I’ve said it before in previous videos, older medications are more effective and newer medications have fewer side effects.
The advent of SSRIs in the late 1980’s and early 1990’s was largely driven by safety and not efficacy. The same is true for antipsychotic medications. This may be the reason most people haven’t even heard about Clozapine (brand name Clozaril).
Clozapine is the single most effective antipsychotic available, and it works in treatment resistant schizophrenia where no other medication is proven to be effective.
The results speak for themselves, 30% of previously treatment resistant patients experience symptom reduction within 6 weeks and that number jumps to 60% after 6 months of treatment.
Clozapine has a slew of additional benefits including mood stabilizing prosperities (it can be used in bipolar disorder), reduction in psychogenic polydipsia and the hyponatremia associated with it, reduction in hostility and aggression, reduction in the risk of suicidal ideation, improvement in substance use, and it may even help patients quit smoking a difficult task in schizophrenia.
So why are most schizophrenic patients not on this medication if it’s so great?
Side effects, side effect, side effects
-Sedation: feeling tired this can largely be mitigated by dosing the medication at night before bedtime.
-Tachycardia: It’s worth getting an EKG in patients with preexisting heart conditions or those at high risk due to hypertension and hyperlipidemia
-Sialorrhea: excessive saliva production leading to drooling, no one wants this
-Constipation: this should be addressed immediately if a patient complains about it as it can lead to serious complications. In many cases Senna and Colace will do the trick
Serious and potentially fatal Side effects include:
-Agranulocytosis: decreased absolute neutrophil count which can result in increased risk for serious infection and the reason everyone on the medication gets weekly blood draws for the first 6 months
-Seizures: clozapine is known to lower the seizure threshold
-Myocarditis: inflammation of the heart usually due to a viral infection
The risk for agranulocytosis is highest when starting treatment, usually during the first year of treatment (0.8%) and the maximum risk is between 4 and 18 weeks (when 77% of cases occur), although it can still occur at any point in the treatment.
Monitoring is thus very important, and each patient must be registered in the Risk Evaluation and Mitigation strategy (REMS) data base before starting the medication.
A CBC with differential must be drawn to calculate the absolute neutrophil count prior to starting treatment and then weekly for the first 6 months. Then monitoring continues every 2 weeks for the next 6 months and finally monthly after the first year of treatment.
If agranulocytosis occurs stopping clozapine allows majority of cases to recover within 14 days.
Now that we know that this medication is very effective but comes with a high side effect burden a natural next question might be why does the medication work?
Mechanism of Action
Clozapine has very low affinity for the D2 receptors which is unique as most other antipsychotics will bind strongly to D2 receptors. Clozapine had far greater D1 and D4 binding affinity, blocking both receptors.
Clozapine also has significant activity at other neurotransmitter sites. It blocks alpha receptors which may be the reason for orthostatic hypotension. It blocks histamine H1 receptors resulting in sedation and weight gain. It blocks 5-HT2A serotonin receptors and is highly anticholinergic resulting in constipation and urinary retention.

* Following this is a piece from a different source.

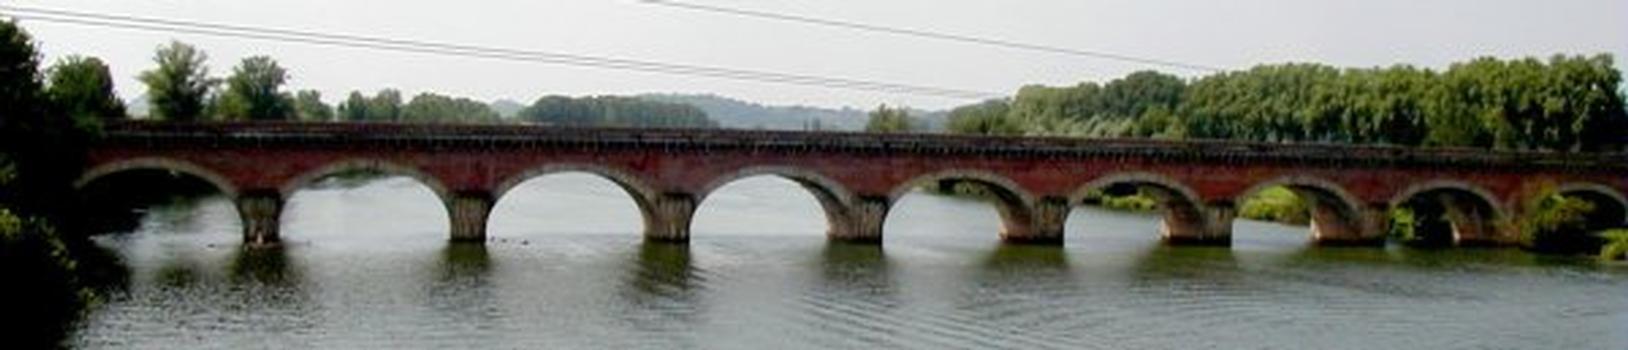 Cacor-Kanalbrücke in Moissac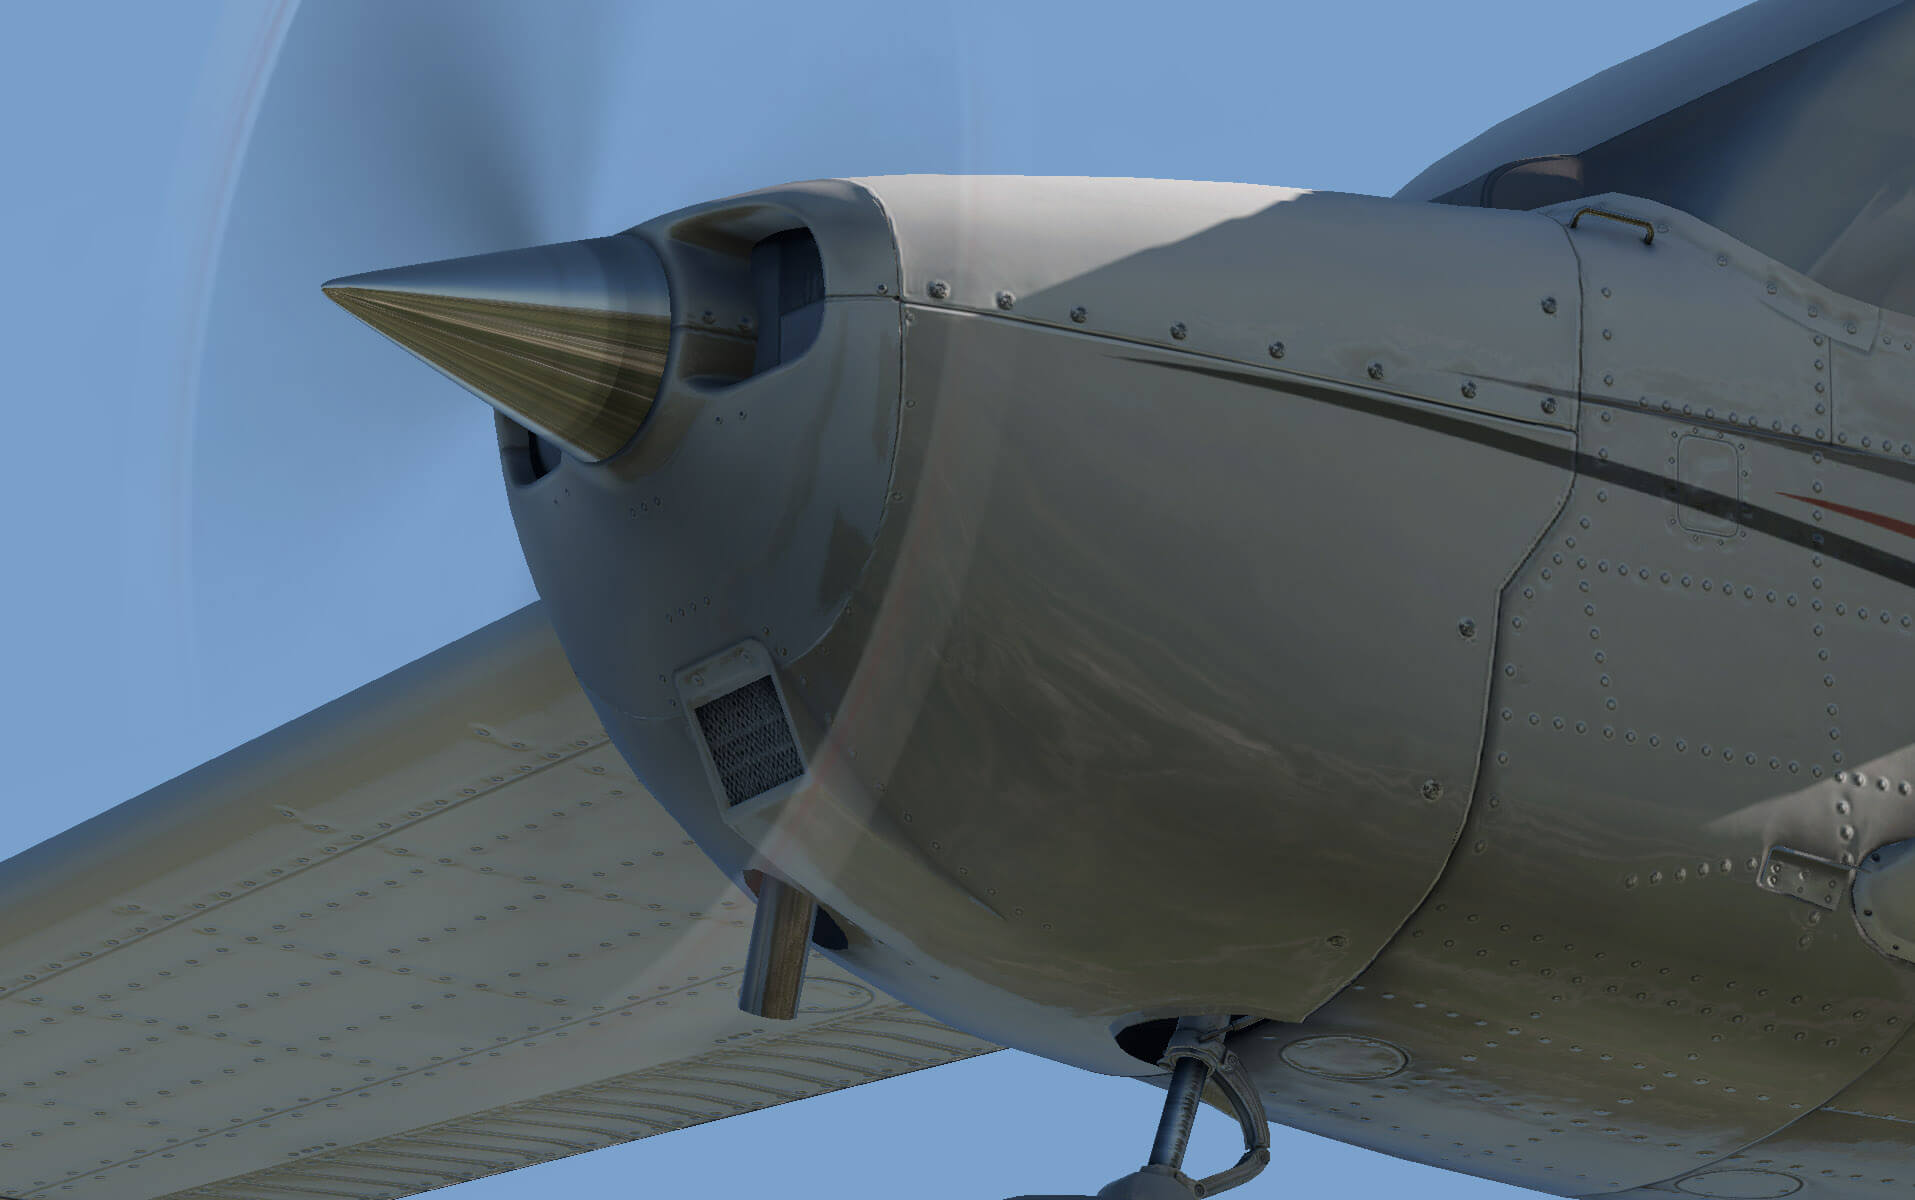 http://www.x-plane.com/wp-content/uploads/2016/09/Cessna_172SP_propeller_close_up.jpg

It has two unique properties; it influences the glutamate system by altering NMDA receptor sensitivity and increases the release of brain derived neurotrophic factor BDNF.
Metabolism And Drug Interactions
Clozapine is primarily metabolized by CYP450 1A2 and 3A4 and cigarette smoking will cause a reduction in clozapine levels due to induction of CYP 1A2.
Before Starting the Medication
Before starting clozapine, the ANC must be above 1,500. If neutropenia develops treatment will depend on the severity of the drop.
Mild Neutropenia: ANC 1,000-1,499, you would continue treatment and check an ANC three times weekly until it reaches 1,500.
Moderate Neutropenia: ANC between 500 and 999, stop treatment and check the ANC daily until it reaches 1,000 then 3 times weekly until it reaches 1,500 then weekly for 4 weeks before returning to the patients prior monitoring schedule.
Severe Neutropenia: ANC less than 500, stop treatment and check an ANC daily until it’s 1,000 then 3 times weekly until it’s 1,500. The patient should not be rechallenged without a hematology consult and clear benefits that outweigh the risks.
Clozapine can be started at 12.5 to 25 mg at bedtime. The dose can be increased 25 mg/day inpatient and 25 mg per week in the outpatient setting as tolerated.
You can overlap prior treatment with another antipsychotic and tapper the old medication once clozapine dose reaches 100 mg or more.
Clozapine dose should be based on serum levels, with a target blood level of 200 to 300 ng/ml. If there are still symptoms present the target serum level is 450 ng/ml. There are no benefits to serum levels above 900 ng/ml.